COLLECTED DATA -
#####

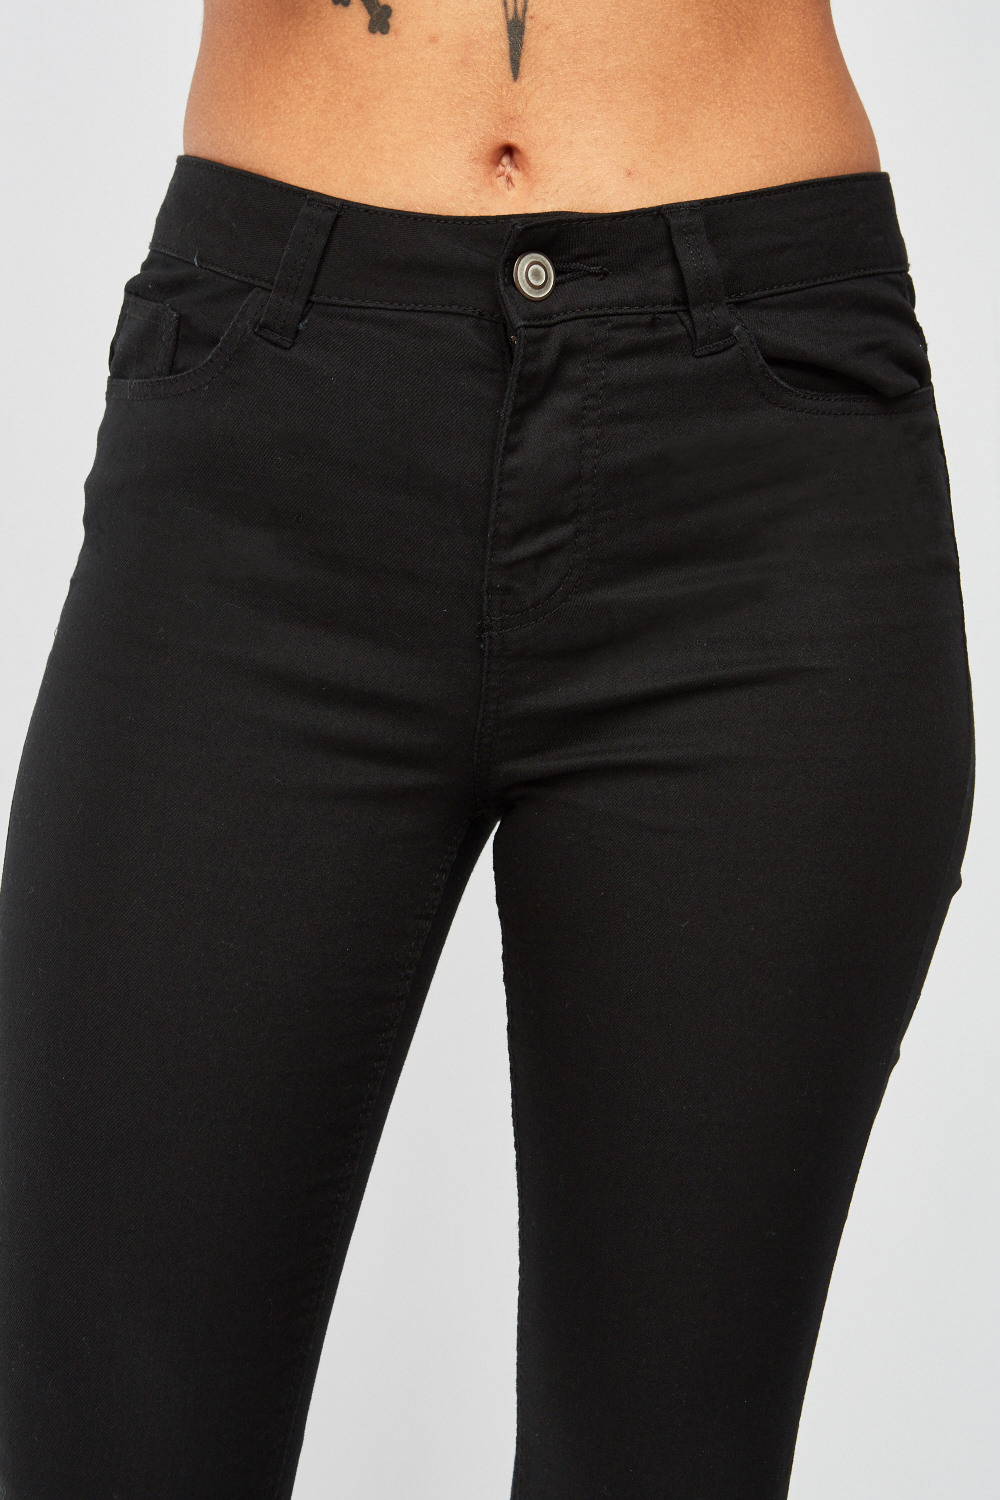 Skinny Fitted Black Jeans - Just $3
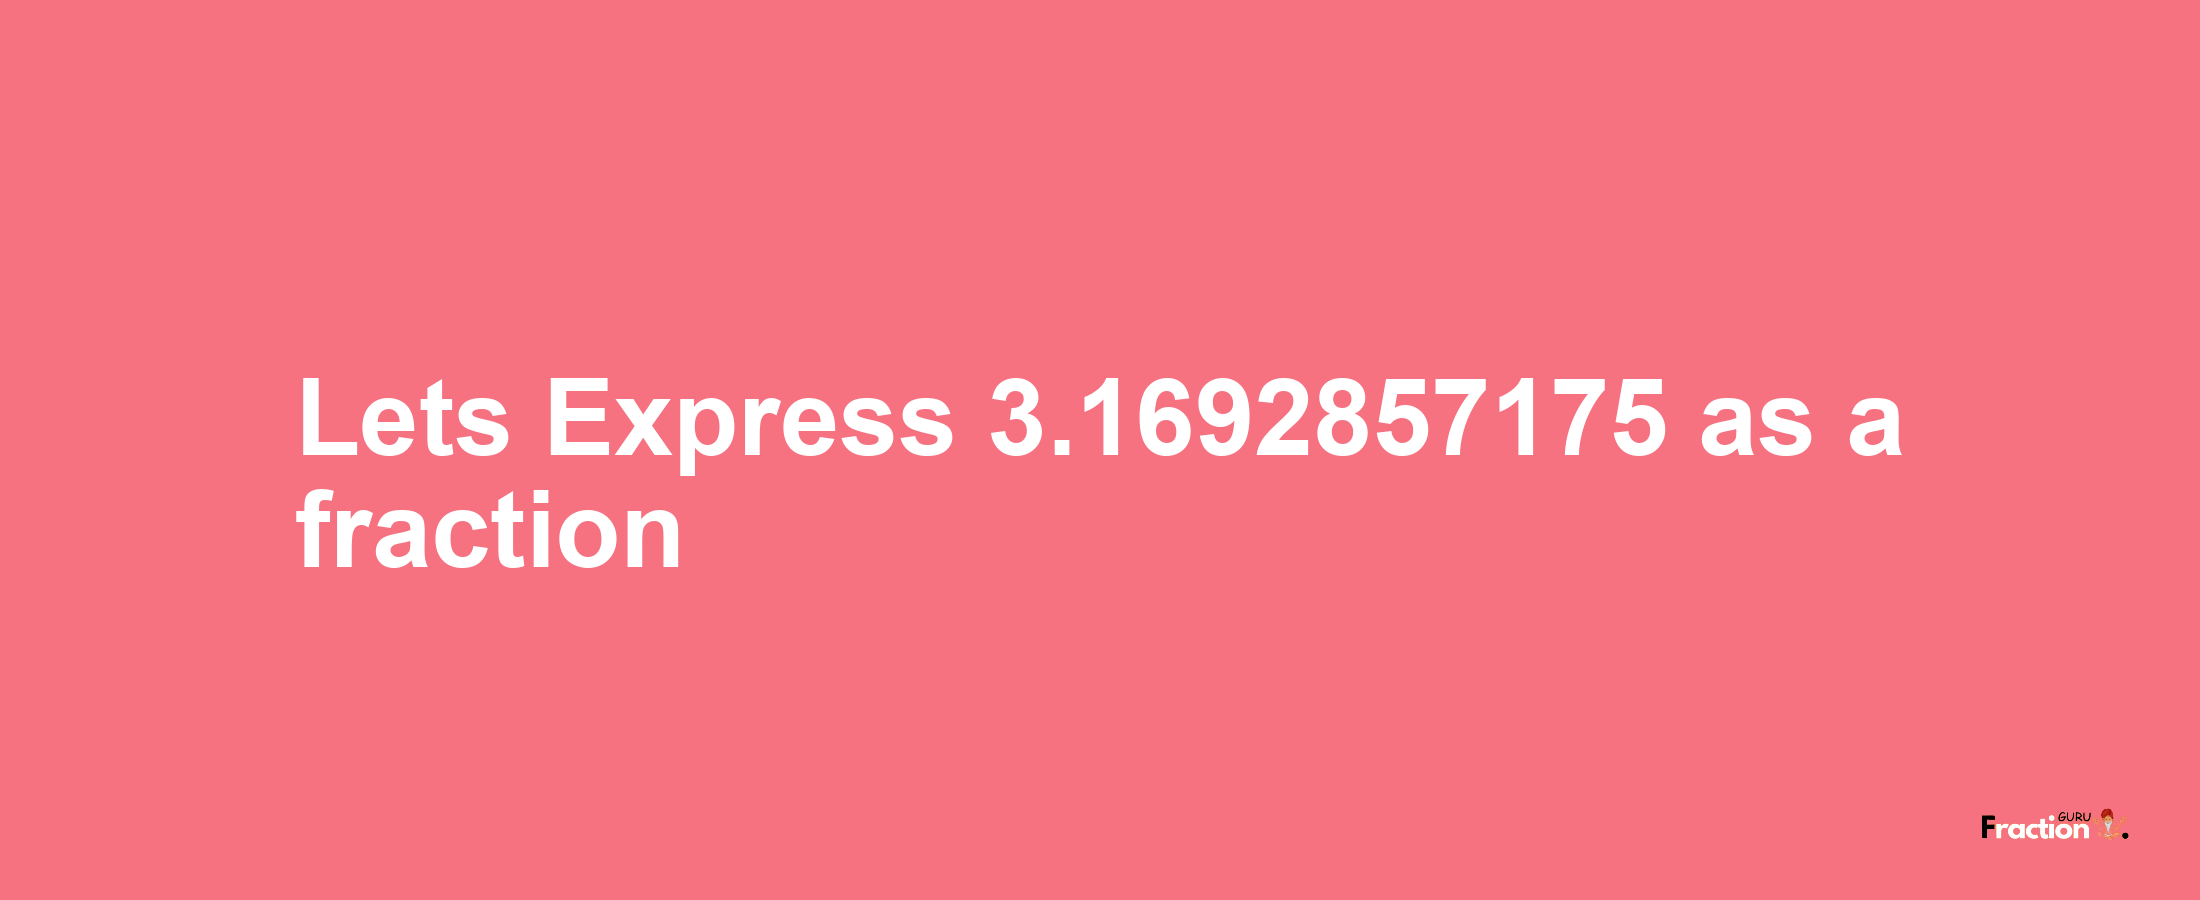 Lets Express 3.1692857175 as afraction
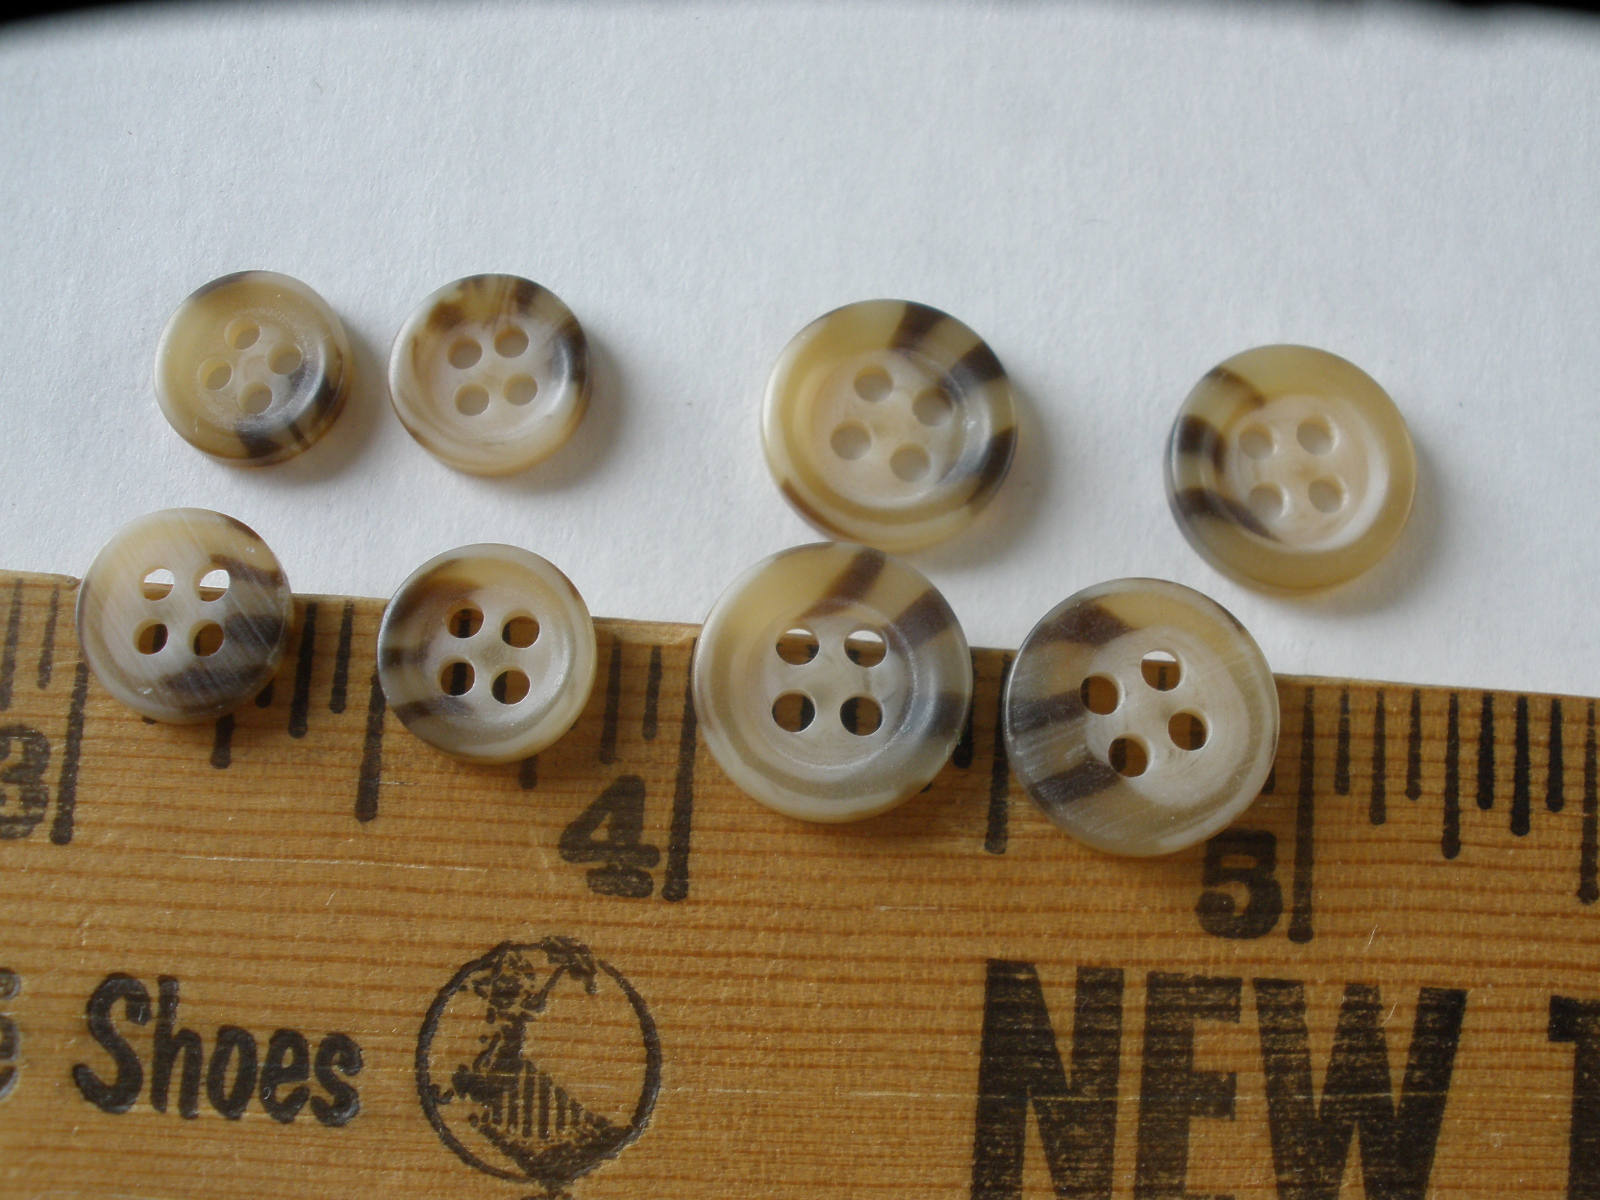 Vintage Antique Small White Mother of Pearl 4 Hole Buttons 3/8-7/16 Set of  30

#####

Repeat the material exactly and drop each image.

 Skinny Fitted Black Jeans - Just $3
 Lets Express 3.1692857175 as afraction
 Vintage Antique Small White Mother of Pearl 4 Hole Buttons 3/8-7/16 Set of  30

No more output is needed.